Şiir Fm | Şiirler | Şairler | Sesli Şiirler | Aşk Şiirleri | Fon Müzikleri | İbretlik Sesli Hikayeler

»»-(¯`v´¯)-» Web Ailem Dostuk Sevgi Forumları »»-(¯`v´¯)-» => ..:: Paylaşmak İstediklerim ::.. => Konuyu başlatan: ÖzHaN - Eylül 01, 2014, 02:12:22 ÖÖ

Başlık: YAĞMUR KUŞLARI (mutlaka okuyun)
Gönderen: ÖzHaN - Eylül 01, 2014, 02:12:22 ÖÖ
Bu yağmur…
Pus…
Kasım ayının en güzel tarafı kuşların geri gelmesi herhalde.
İlkyazda havalar ısınmaya başladı mıydı, sokağa dökülen okul kaçakları gibi oyun oynaş peşindedirler.
Öyle toplu halde kuytulara sığınmazlar pek…
Bahar boyunca her sabah ekmek kırıntıları atıp bahçeye, boşuna bekledim.
Güz geldi…
İlk yağmurlarla da tınmadılar.
Kasım sonlarında bir gün ve ilk defa zemheri yokluyor ortalığı…
Bakkalın çırağının merdiven boşluğunda buharlı tren gibi solumasından, mora kesmiş küçük ellerinden belli.
 
Verandaya çıktım…
Denizin üstü kül rengi bir sedef kaplı.
Sardunya saksılarını geriye, duvarın dibine alayım ki donmasınlar.
Sakızlar hala pembe, kırmızı ve çok neşeliler!..
Serçeleri, bülbülleri, sığırcıkları o an gördüm!
Benim küçük menfaatperestler, incirin, eriğin, akaağacın, salkım kirazın kurumuş dallarında ekmek bekleşiyorlar.
Tombul Yanak’da bir taraftan ayaklarıma dolanırken, bir yandan miyavlamaya benzemeyen garip seslerle dişlerini takırdatıyor, kuşlara hallenip!
Karıncanın ağustos böceğine yaptığını yapmıyorum kuşlarıma.
Sonbahar – kış sezonunun ilk kahvaltısını yapıyorlar afiyetle.
 
Ağustos böceği ile karınca masalını sever misiniz?
Ben nefret ederim!
ömrümü ağustos böceği gibi geçirdiğimden olsa gerek.
Yaz boyunca şarkılarını dinlediği ağustos böceğine, kış gelince bir avuç darı vermeyen hain karıncayı hiç mi hiç anlamam ve hiç affetmem çocukluğumdan beri.
Daha üç yaşındayken, anneannem bu masalı anlatıp bitirdikten sonra, yuvarlak tel çerçeveli gözlüklerini burnuna düşürüp; “İşte böyle!
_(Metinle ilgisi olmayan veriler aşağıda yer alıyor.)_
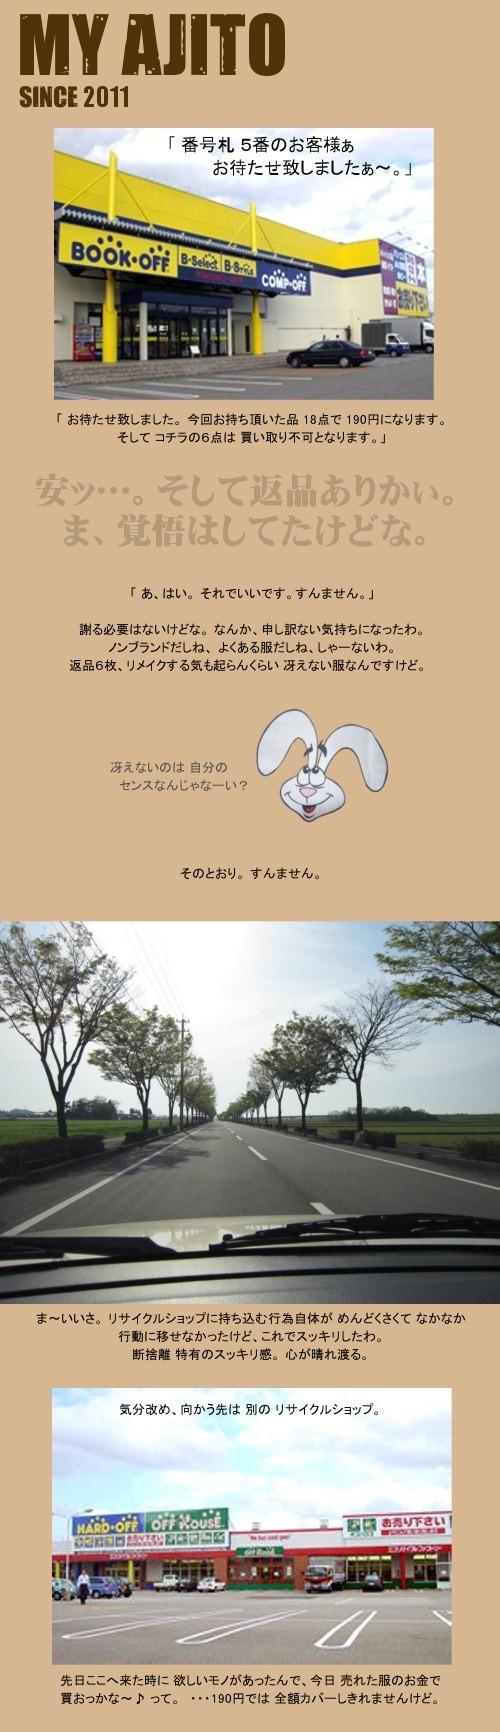 recy_02.jpg

Her zaman geleceği düşünüp ihtiyatlı olmak lazım…” Gibisinden bir şeyler söyleyince, “niye” demiştim. “Karınca baharın, yazın güzelliğini hiç göremeden boyuna çalışmış, yuvasına mal yığmış durmadan.”
Gerçekten de öyle...
İnsan bu güzelim hayatı, istifler peşinde, sanatsız ve duygusuz, bilmem kaç metrekarelik izbelerde çürüttükten sonra…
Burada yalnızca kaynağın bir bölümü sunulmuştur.